I am copying those request here so that we can point other users to this reply if needed.

user n.1:

I want to work with a few days of GeoNet data. In the past I'd have copied a days worth using a FTP tool (Filezilla etc) to scratch or similar and viewed etc. How can I do something similar from https://data.geonet.org.nz/ ?

user n.2:

I find it much more convenient to mirror the directory that has site logs, as opposed to manually downloading log files one by one through endless clicking. The command below used to work, but now after the connection message, I never get a response to the HTTP request. So the server is clearly ignoring it.

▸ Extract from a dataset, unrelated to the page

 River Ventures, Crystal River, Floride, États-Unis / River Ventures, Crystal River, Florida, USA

wget --mirror --no-parent --no-host-directories --cut-dirs=3 https://data.geonet.org.nz/gnss/sitelogs/logs/

--2022-02-17 08:25:02--  https://data.geonet.org.nz/gnss/sitelogs/logs/
Resolving data.geonet.org.nz (data.geonet.org.nz)... 161.65.59.67
Connecting to data.geonet.org.nz (data.geonet.org.nz)|161.65.59.67|:443... connected.
HTTP request sent, awaiting response... ^C

The same URL works fine in a web browser, and gives me a page with a list of links for each log file.

A wget command to download an individual file works just fine:

wget https://data.geonet.org.nz/gnss/sitelogs/logs/2406_20150309.log
--2022-02-17 08:30:00--  https://data.geonet.org.nz/gnss/sitelogs/logs/2406_20150309.log
Resolving data.geonet.org.nz (data.geonet.org.nz)... 161.65.59.67
Connecting to data.geonet.org.nz (data.geonet.org.nz)|161.65.59.67|:443... connected.

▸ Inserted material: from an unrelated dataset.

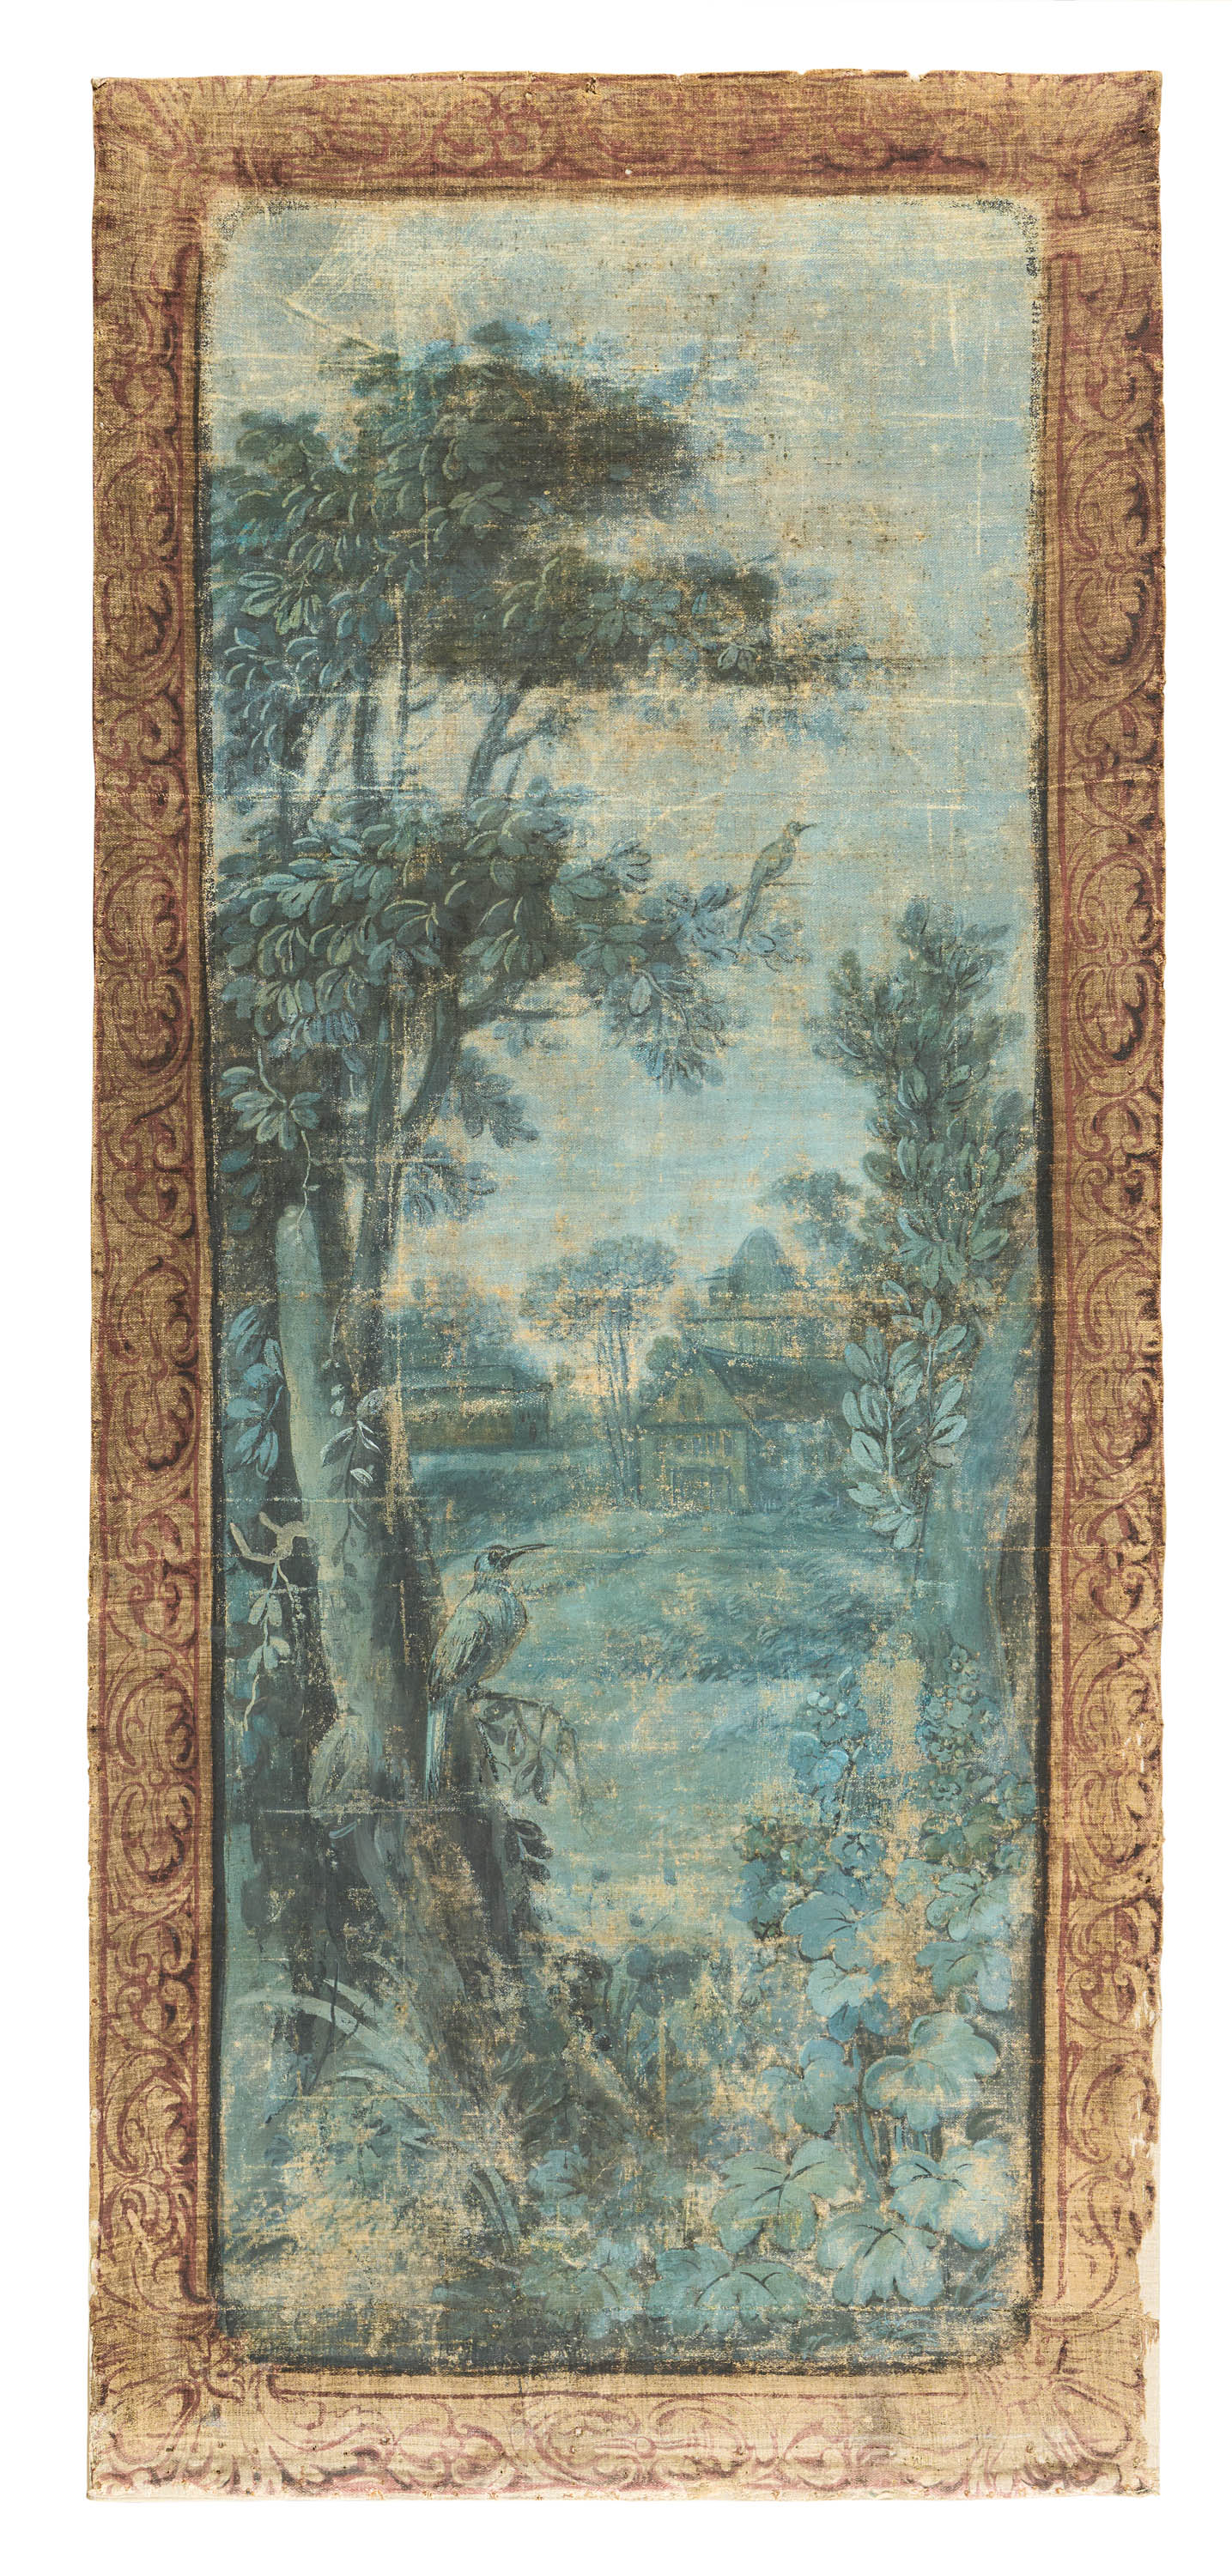 Set of three verdure tapestries with landscape vedutas - Image 5 of 6

HTTP request sent, awaiting response... 200 OK

Length: 10385 (10K) [application/octet-stream]

Saving to: ‘2406_20150309.log.1’

2406_20150309.log.1       100%[====================================>]  10.14K  --.-KB/s    in 0s      
2022-02-17 08:30:01 (93.4 MB/s) - ‘2406_20150309.log.1’ saved [10385/10385]

I managed a work-around to fetch all the log files changed since 2020 by saving the html page from my browser, extracting the URLs from the html file using grep and awk, and then running wget in a loop to get each file. But there has to be a better way…

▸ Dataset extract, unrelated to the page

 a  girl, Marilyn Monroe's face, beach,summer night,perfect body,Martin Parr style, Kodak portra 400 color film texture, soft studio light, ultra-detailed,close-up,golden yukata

rumachan commented 2 years ago

I don't have any obvious answers to these issues. My go to method no longer works either.

elidana commented 2 years ago

For GNSS sitelogs, another possible (still not ideal, but less painful) option is to first list all available in a specific location, and then do a loop over the file list.

The example below is for someone only interested to download the most recent sitelogs available for each GeoNet continuous GNSS station which code is starting with "A"

#/bin/bash

http=https://data.geonet.org.nz/gnss/sitelogs/logs

curl -l ${http}/ | grep -o 'href=".*">' | sed 's/href="//;s/\/">//;s/">//' > tmp.$$
for sta in `grep "^a" tmp.$$ | cut -c 1-4 | sort -u`; do
   file=`grep $sta tmp.$$ | tail -1`
   curl -O ${http}/${path}/${file}
done

rm tmp.$$
tobiscode commented 2 years ago

Hi,

I'm also in the process of changing our workflow from FTP to HTTP. We previously used Python parsing of wget's FTP .listing files to see which files are available on the server, compare their size and last-modified date to what we had locally, and if they didn't match, re-download the file.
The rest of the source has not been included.